## ASSIGNMENT
Each line in the material below, starting at the one with "Coffee And Chocolate" and ending at the one with "You are currently", is to be reproduced exactly; no picture is to be copied.

EXCERPTED DATA Start Marker

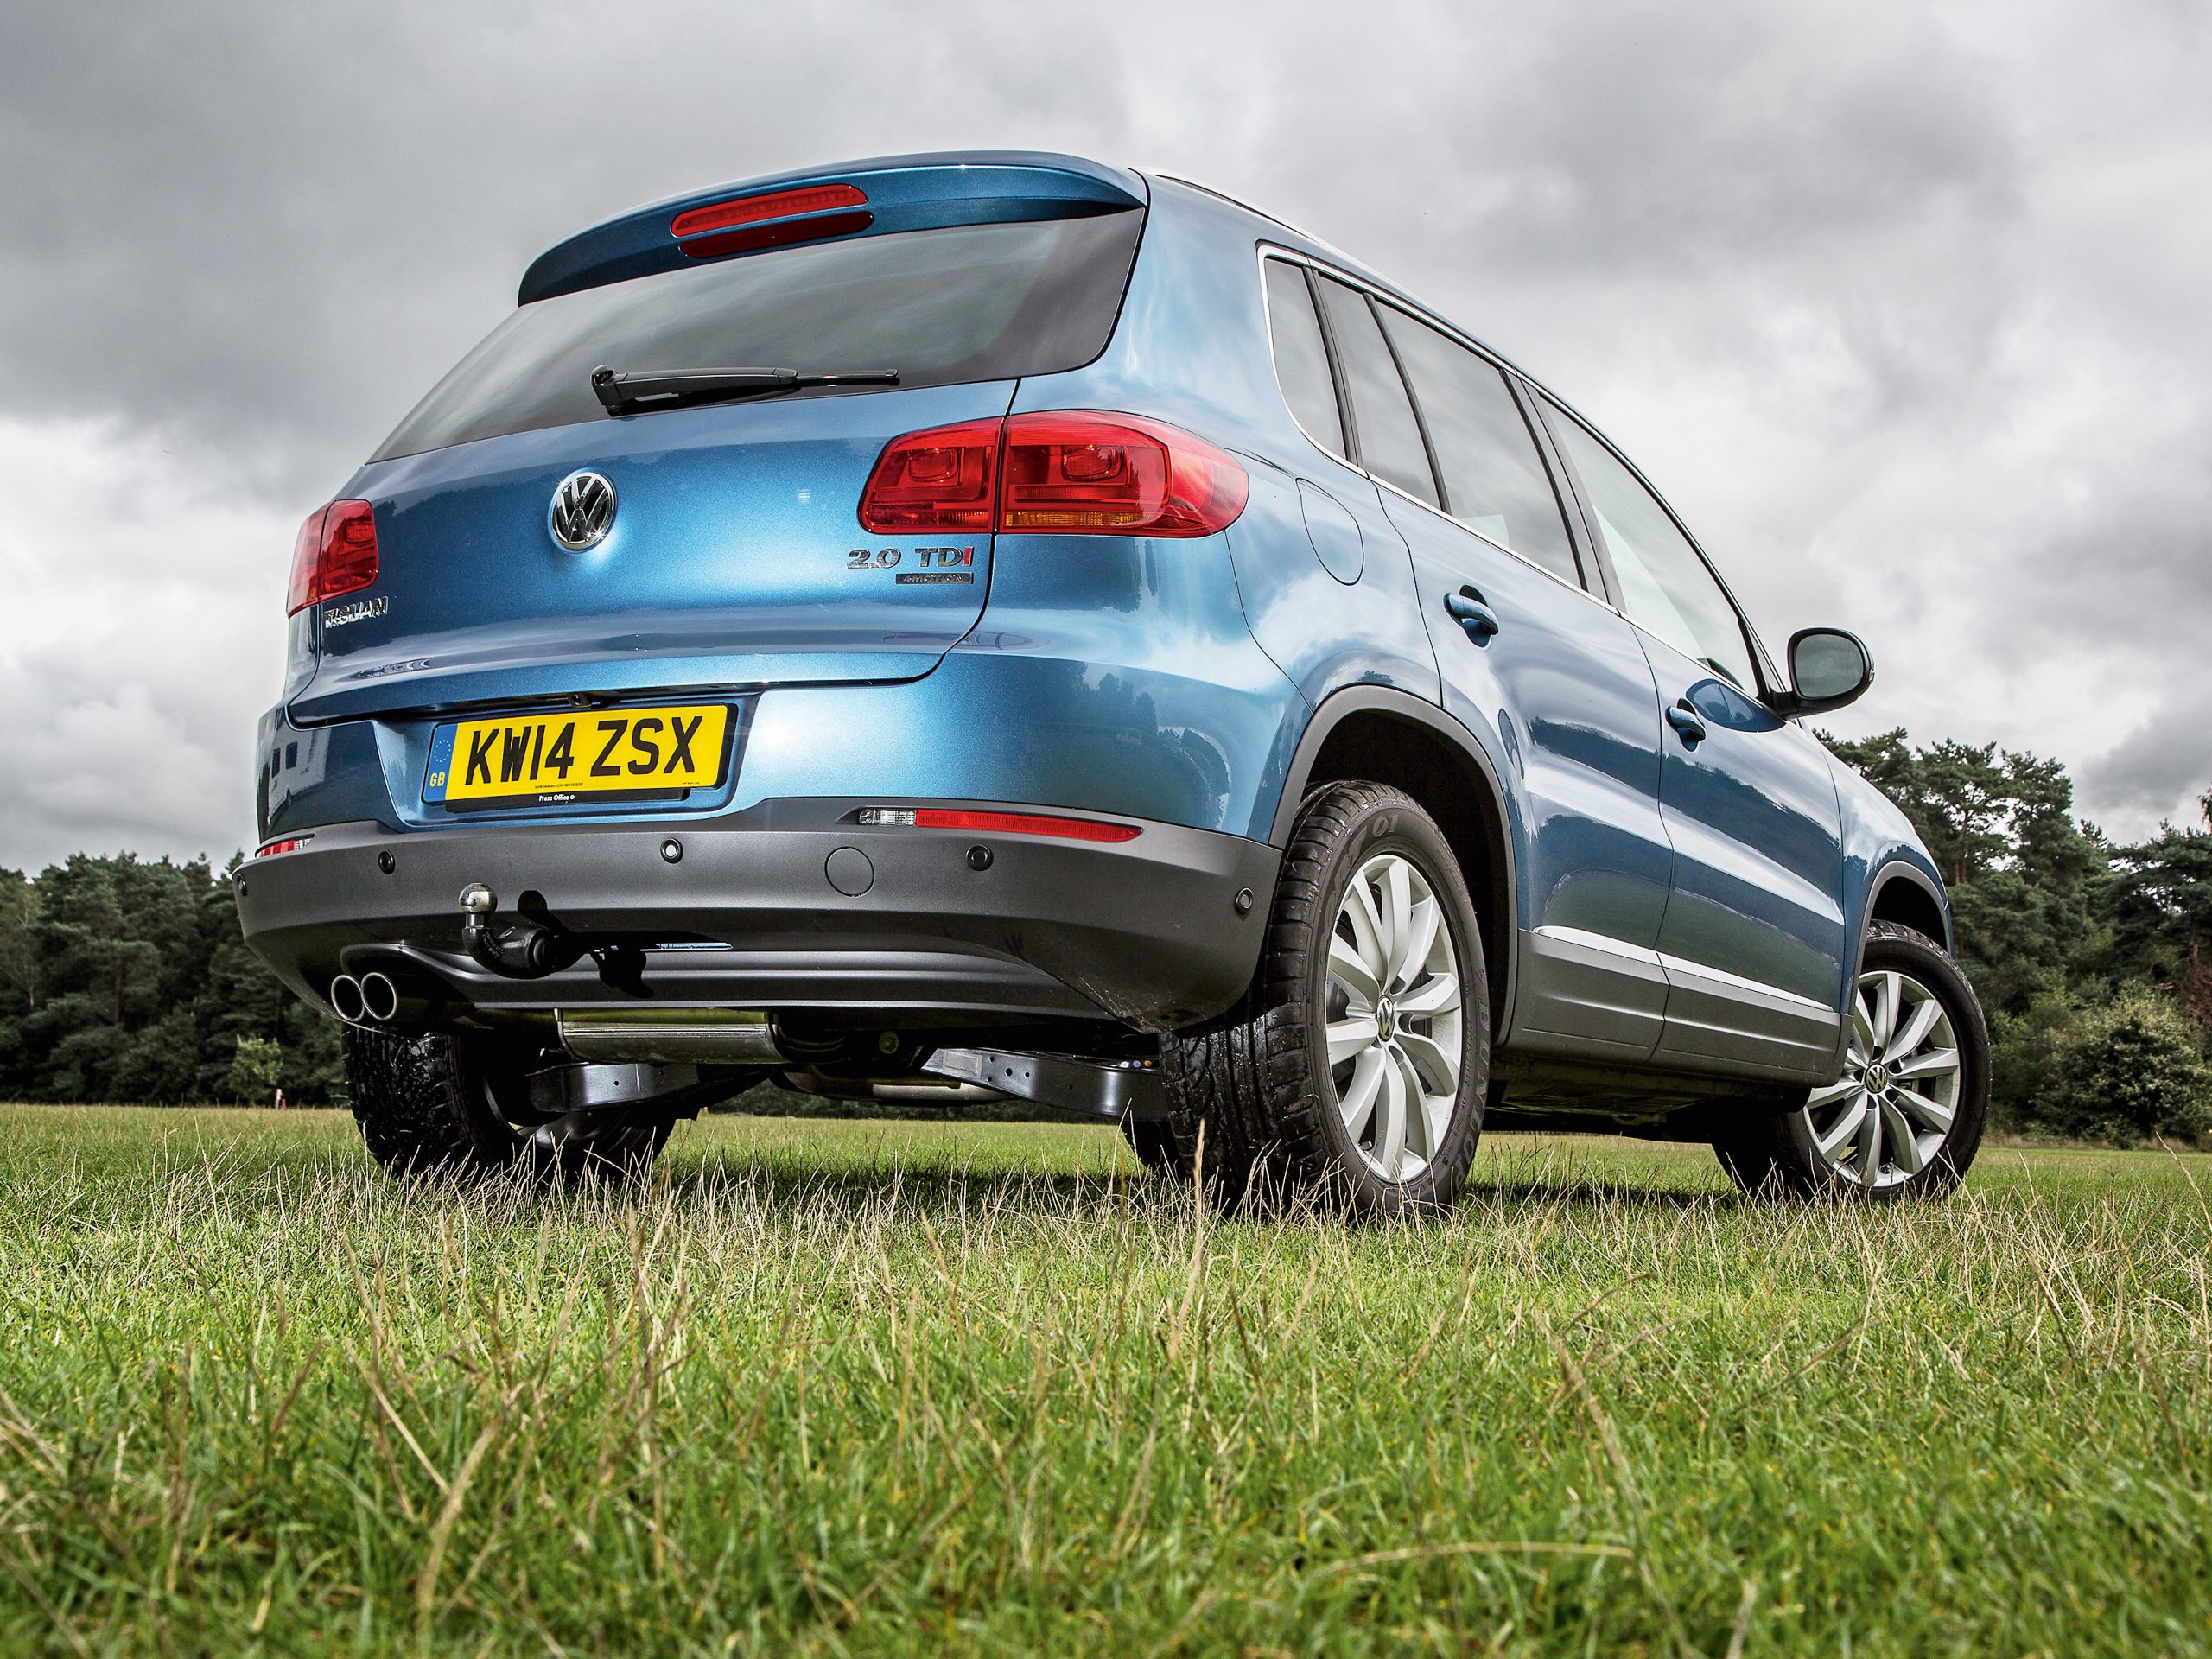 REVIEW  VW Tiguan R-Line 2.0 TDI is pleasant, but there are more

EXCERPTED DATA End Marker
EXCERPTED DATA Start Marker

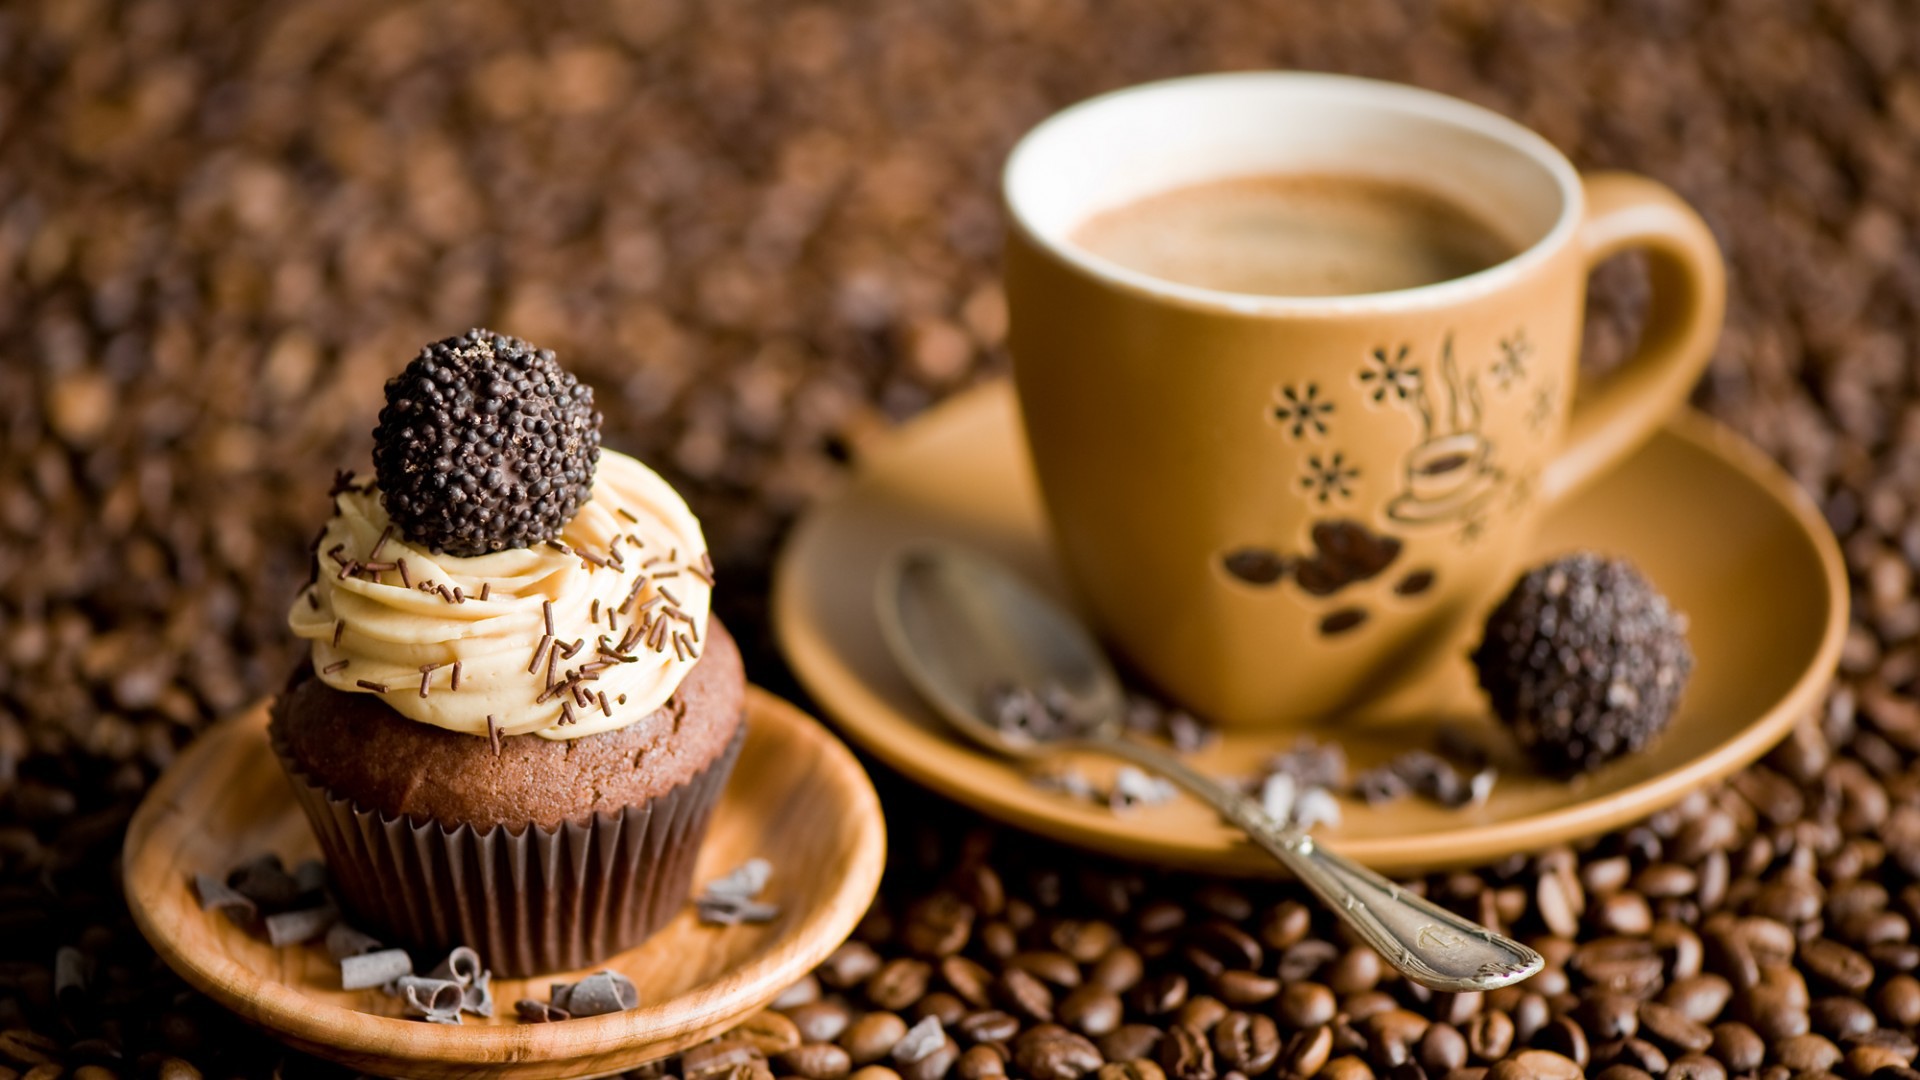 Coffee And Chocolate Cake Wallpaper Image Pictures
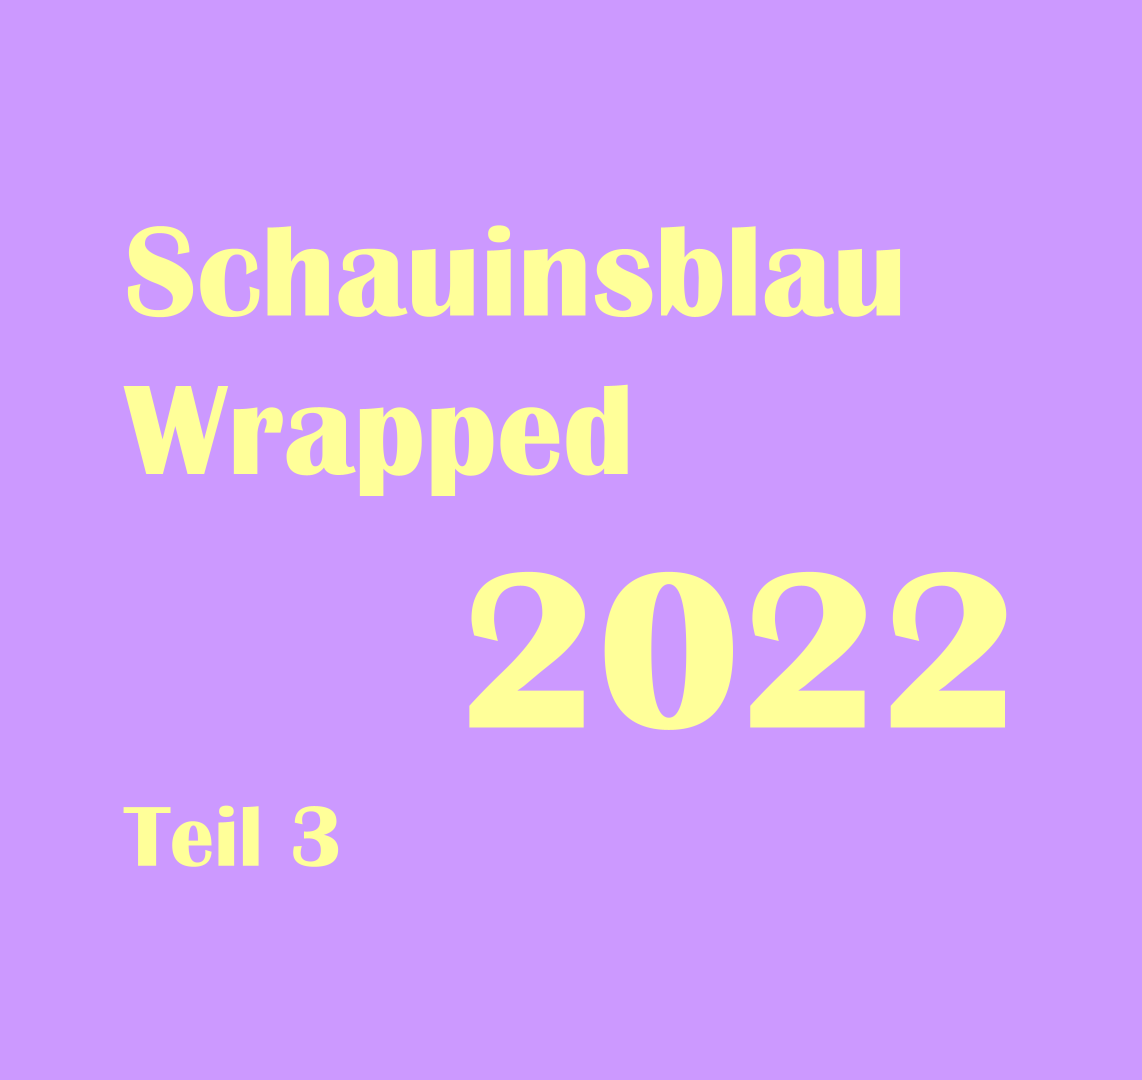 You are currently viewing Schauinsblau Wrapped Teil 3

EXCERPTED DATA End Marker

## RESPONSE TO THE EXERCISE
 Coffee And Chocolate Cake Wallpaper Image Pictures
 You are currently viewing Schauinsblau Wrapped Teil 3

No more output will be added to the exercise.